Cancel 2016.2
The Almighty
if a speculator (one who is neither a supplier or a user) is involved in the commodities market there is a high chance the user is buying from a speculator rather than a supplier
Over 90% of futures contracts never actually result in oil changing hands.
You seem to be greatly confused as you keep referring to speculators in a manner which would indicate they are some sort of middle man.
EVERY SINGLE purchaser and seller of a futures contract, whether they are a supplier, user or otherwise is a SPECULATOR. Period.
Every single one locks in a contract at a level they think is either too high (seller) or too low (buyer) relative to future expectations.
and, if speculators are involved, that will increase the volatility....isn't it obvious that is bad for both suppliers and users?....
Again, you seem to have some weird misconception about 'speculators'. All buyers and sellers are speculating on future prices and locking in contracts based on their personal expectations.
under my rationale no one should be allowed to buy or sell anything in the commodities market. unless they are suppliers or users....though to be honest, any futures market is not a good thing for consumers in any field whether it be bonds, mortgages, commodities, you name it....
which is quite simply a retarded suggestion. Do my clients not have the right to hedge their buying power and the effects changes in energy prices might have on their portfolios?
Your judgment on futures markets is nothing short of absurd.

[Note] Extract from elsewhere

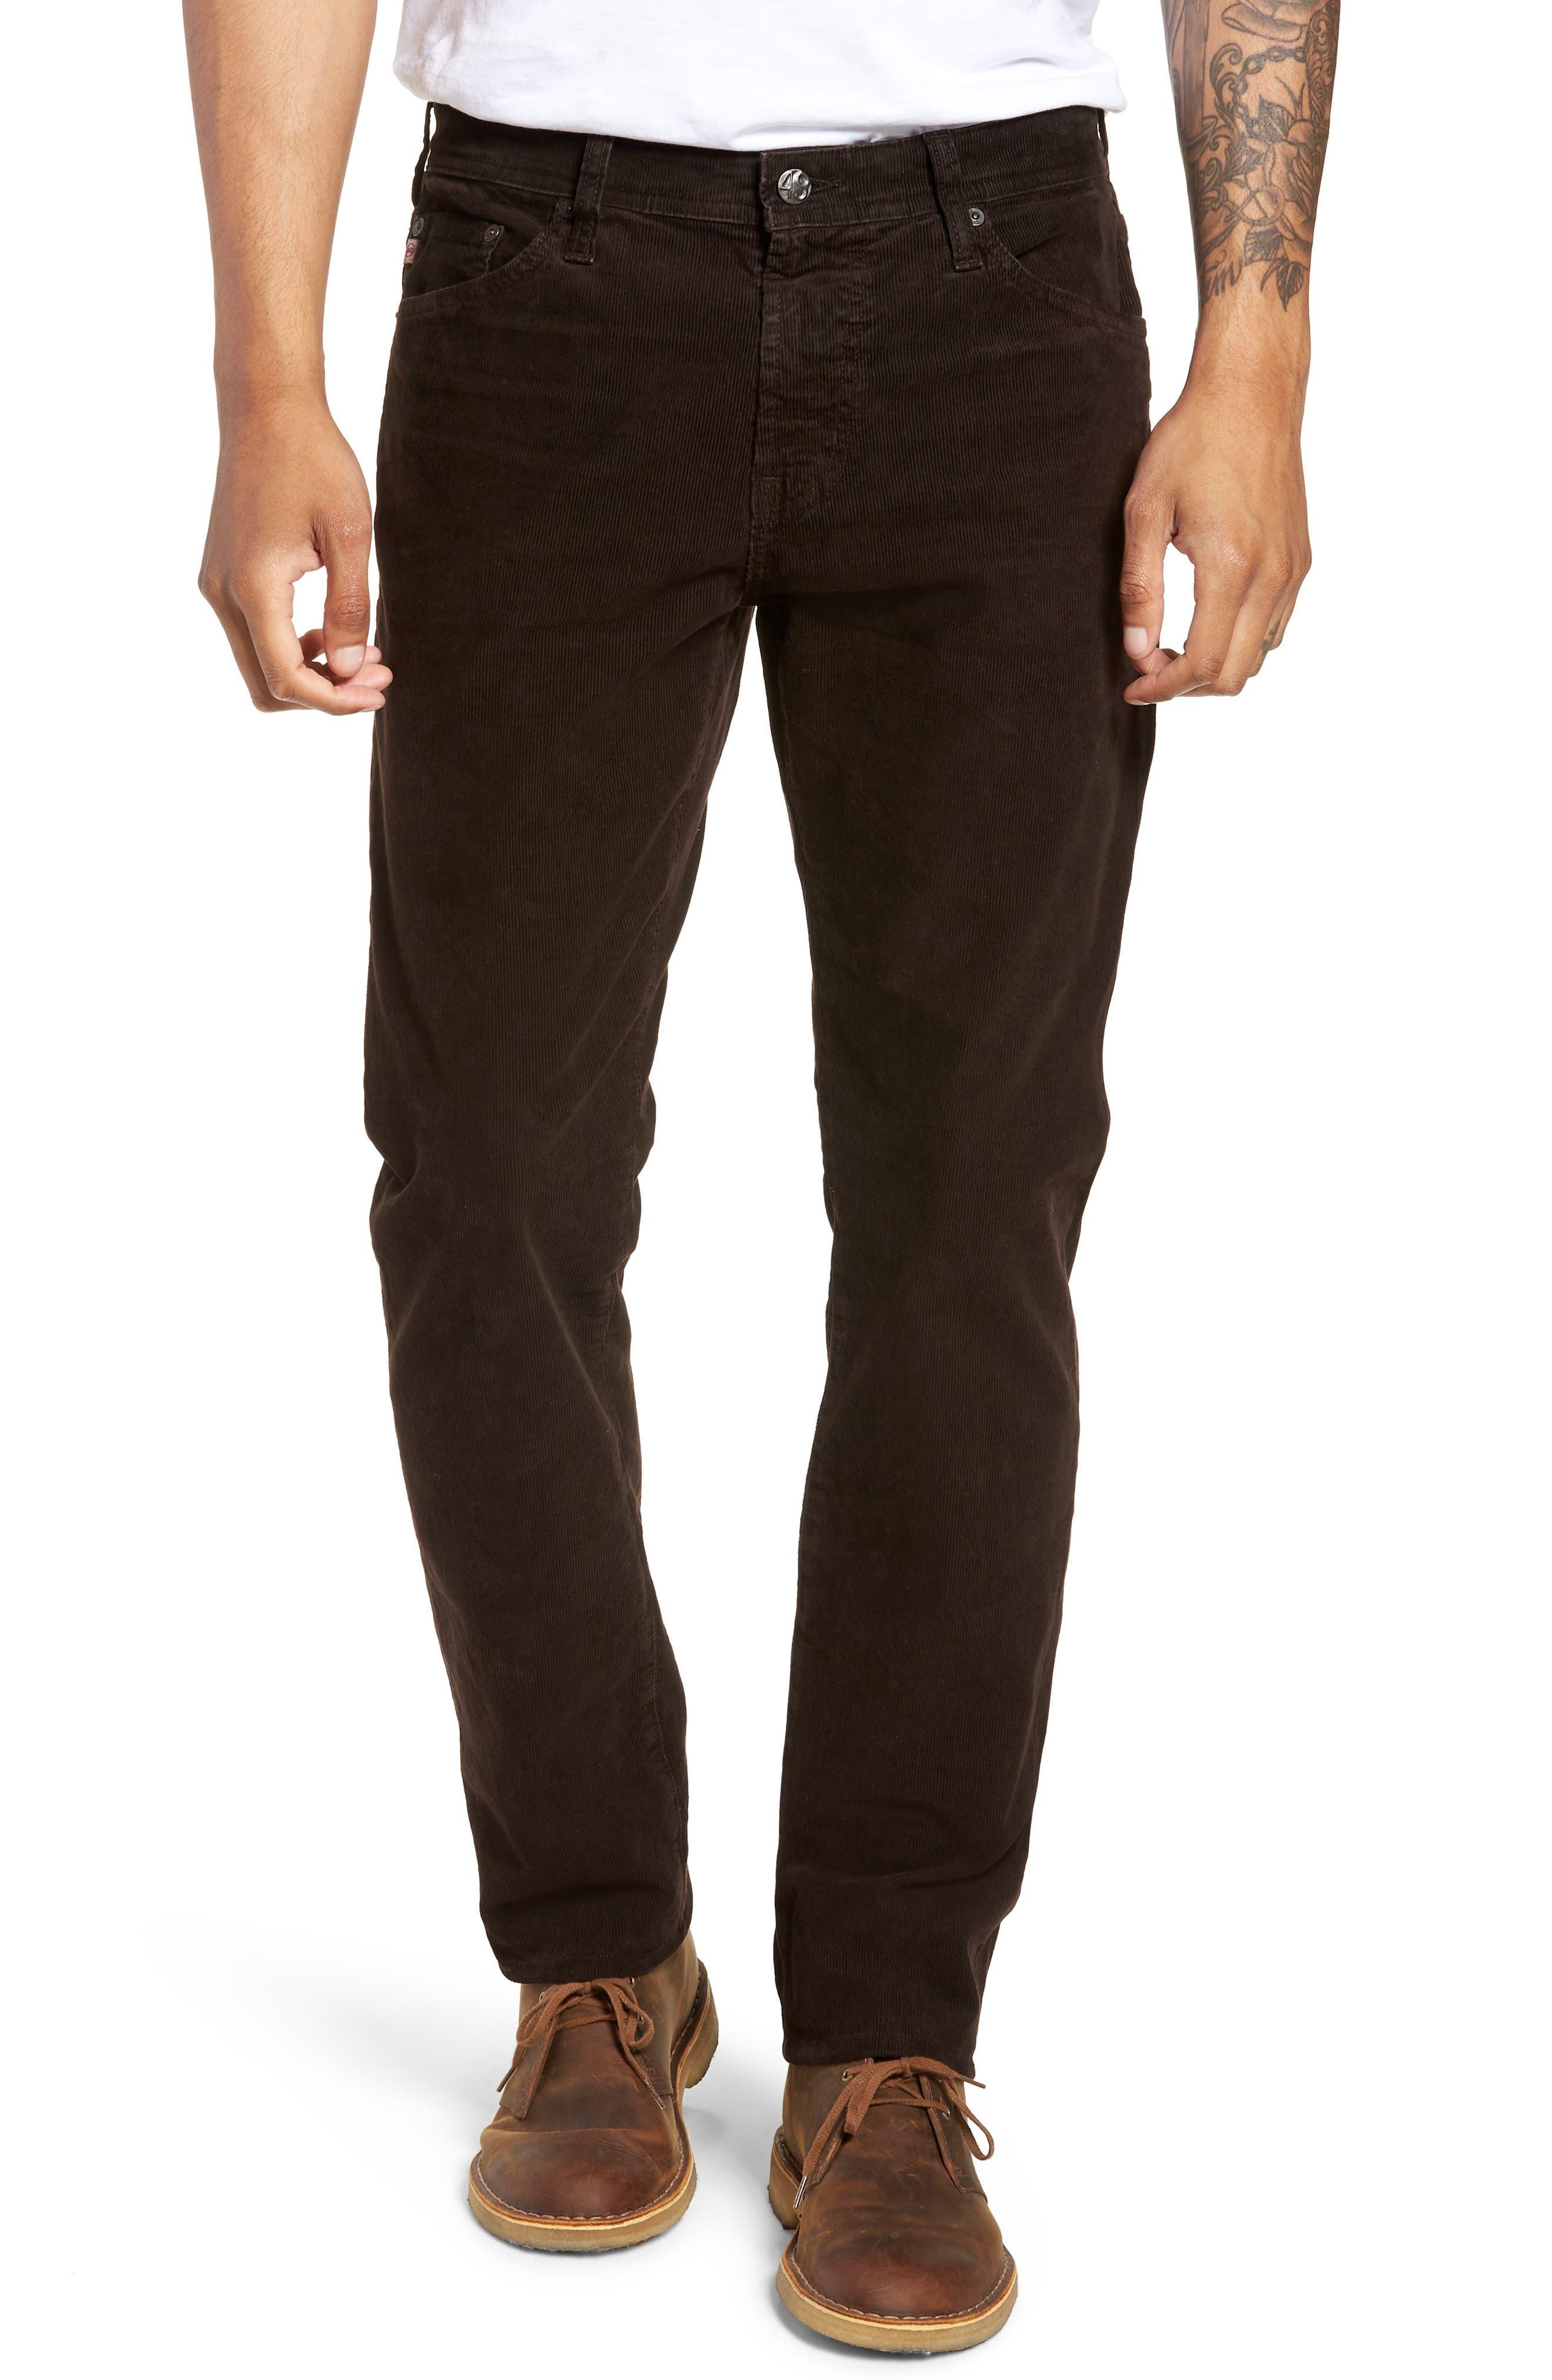 Everett Straight Leg Corduroy Pants,                         Main,                         color, SULFUR SHUTTER

They are absolutely good for consumers in general.
you're trying to prove my point, aren't you....I thought you were arguing against me.....
I am absolutely arguing against your main point. Speculation being driven by uncertainty can indeed create more volatility, but again, that is not a terrible thing. It can cause pricing well above or BELOW fair value, but that is inherent in the market. You can't regulate uncertainty. It is absurd to think you can.